Их прервал ужасный вопль, донесшийся с первого этажа, и они выскочили на лестницу. Внизу кричала женщина, явно чем-то испуганная. Анжелика со служанкой сбежали вниз и остановились в прихожей перед кучкой людей, на лицах которых читалось полное недоумение.
Крики стали тише, скорее даже приглушеннее, и, казалось, исходят они из высокого сундука эбенового дерева, стоявшего тут же.

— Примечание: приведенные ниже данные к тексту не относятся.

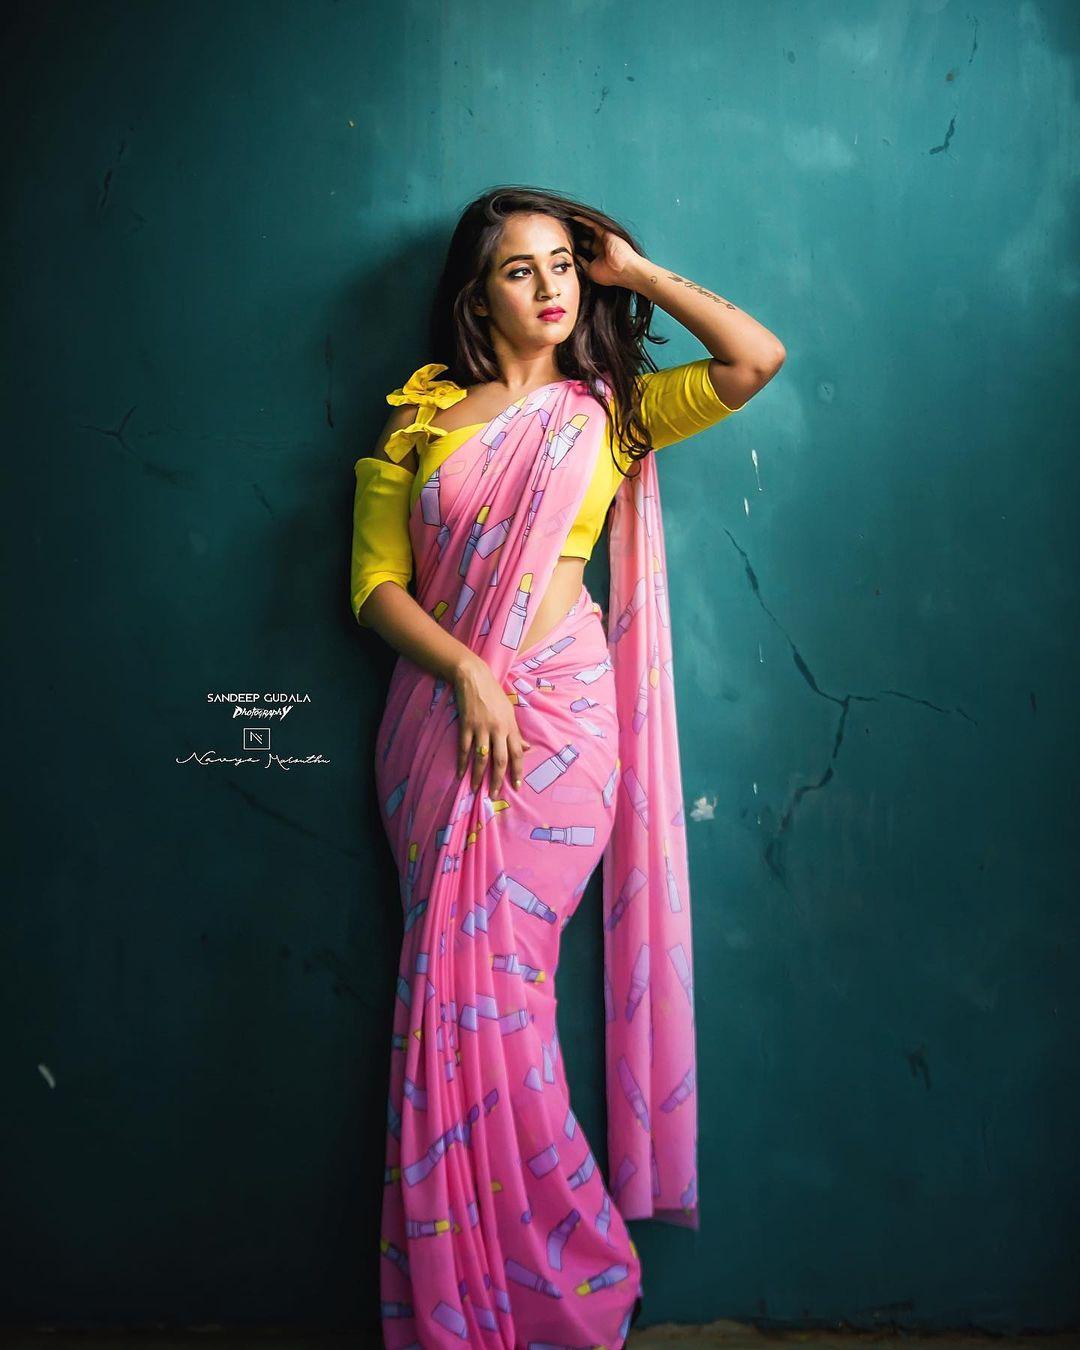 నడుమందాలు చూపిస్తూ కుర్రాళ్లకు నిద్ర లేకుండా చేస్తున్న దీప్తి సునయన. Photo: Deepthi Sunaina Instagram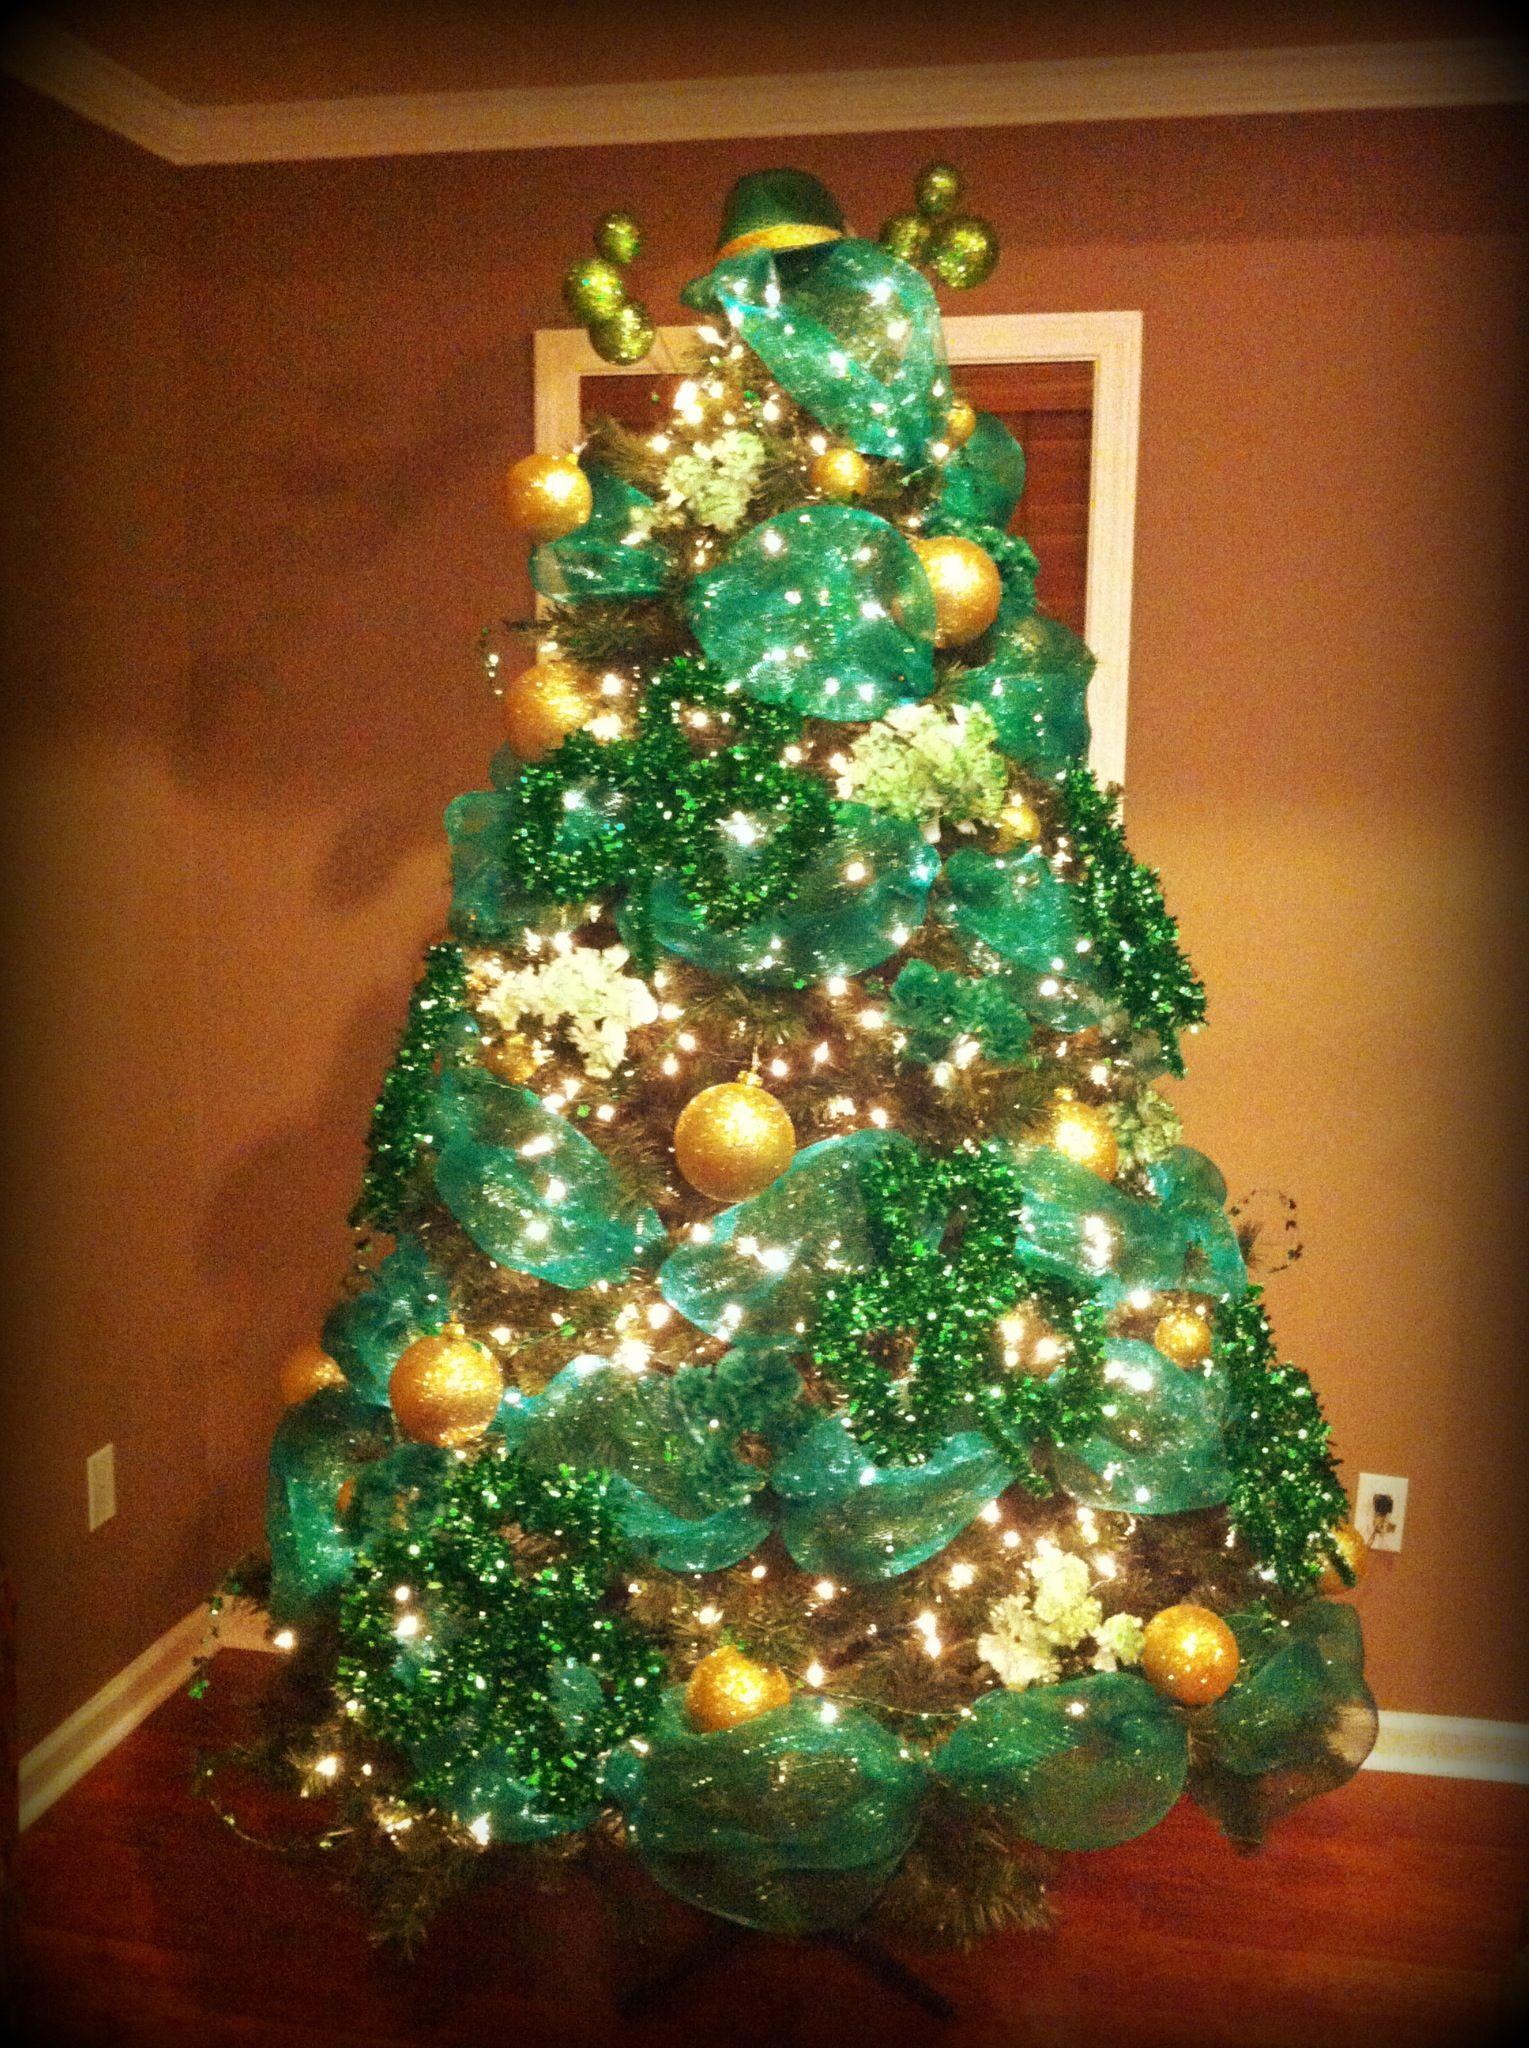 St. Patrick's Day tree!! Holiday tree decorations, Irish

Прибежавшая на шум Ортанс открыла сундук, и оттуда вылезла толстая горничная, та самая, что отворяла дверь Анжелике, и двое детей лет восьми и четырех, цеплявшихся за ее юбку. Мадам Фалло для начала влепила служанке звонкую пощечину, а затем спросила, что ее так перепугало.
— Вон там! Вон! — бормотала бедняжка, тыча пальцем куда-то в сторону.
Анжелика посмотрела туда, куда она показывала, и увидела Куасси-Ба, со скромным видом стоявшего позади. Ортанс было подскочила, но сразу взяла себя в руки и сухо проговорила:
— Это всего лишь мавр. Зачем было так кричать? Ты что, никогда не видела мавра?
— Н-нет, нет, мадам.
— Да в Париже все видели мавров! Сразу видно, что ты из глухой деревни. Дурочка!
Приблизившись к Анжелике, она бросила ей:
— Мои поздравления, дорогая! Из-за тебя в доме переполох. Привести сюда дикаря! Наверное, горничная возьмет расчет. А мне ведь стоило немалых трудов найти ее.
— Куасси-Ба! — крикнула Анжелика. — Эти дети и девушка боятся тебя. Так покажи им, как ты умеешь веселить людей.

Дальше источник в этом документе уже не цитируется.